Cardinal Ambrozic Catholic Secondary School is a separate high school located in Brampton, Ontario, Canada, named after Aloysius Ambrozic. The school is part of the Dufferin-Peel Catholic District School Board. The uniform consists of a burgundy golf shirt, a burgundy zipper sweater and khaki pants. It ranked 130 of 749 schools in Ontario in 2018/2019. This school is a traditional Catholic school. It was named in honour of Cardinal Ambrozic who died in August 2011. Notable people who attended this school include Alessia Cara.

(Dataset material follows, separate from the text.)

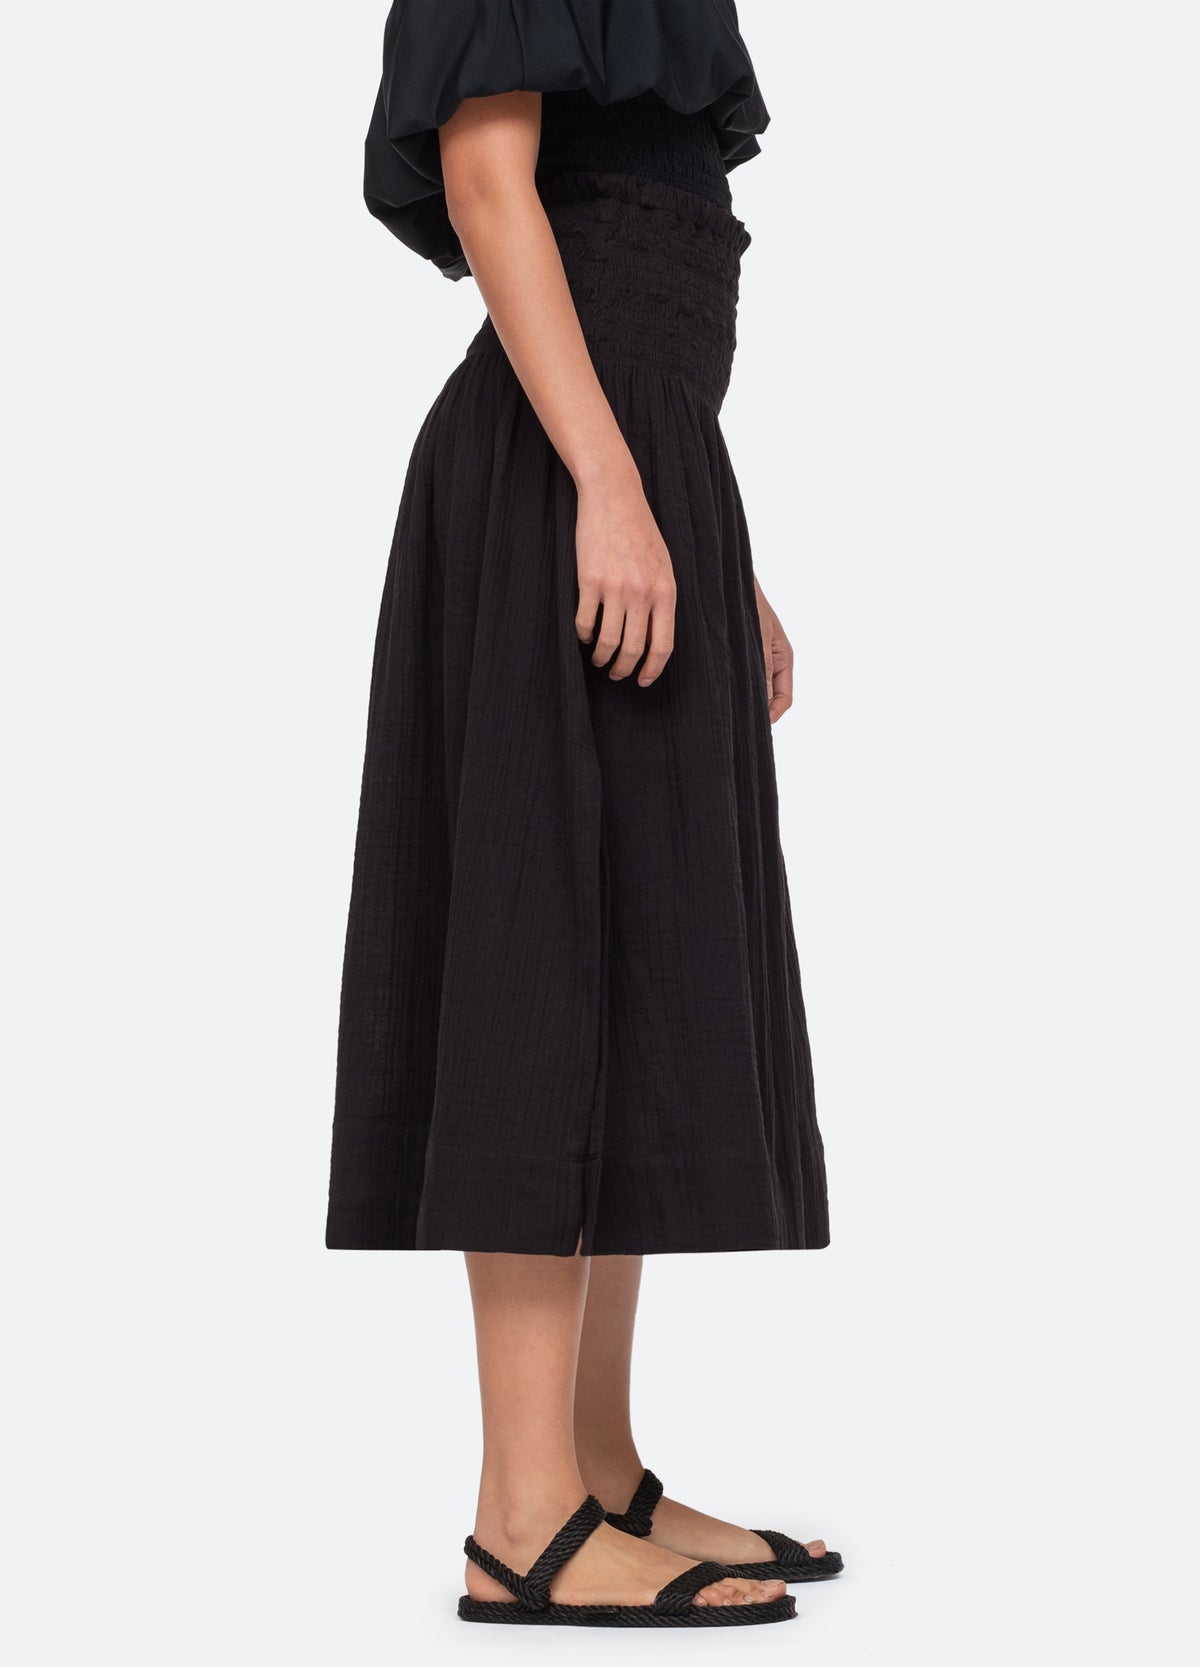 black-sophie skirt coverup-side view - 5

Cardinal Ambrozic CSS was featured in multiple news stories on March 22, 2017, when roughly one hundred parents slept outside the school in order to register their children for grade 9 at 7:30am that morning. The first parent in line arrived at the school at 12pm the day prior.

Notable alumni

 Alessia Cara, singer-songwriter

Feeder schools
 Fr. Francis McSpiritt Catholic Elementary School
 Holy Spirit Catholic Elementary School
 Our Lady of Lourdes Catholic Elementary School
 St. Andre Bessette Catholic Elementary School
 St. Patrick Catholic Elementary School (South of Mayfield Road)
 Father Clair Tipping Catholic Elementary School

See also
 Aloysius Ambrozic, namesake
List of high schools in Ontario

References

External links
School profile at the Education Quality and Accountability Office (EQAO)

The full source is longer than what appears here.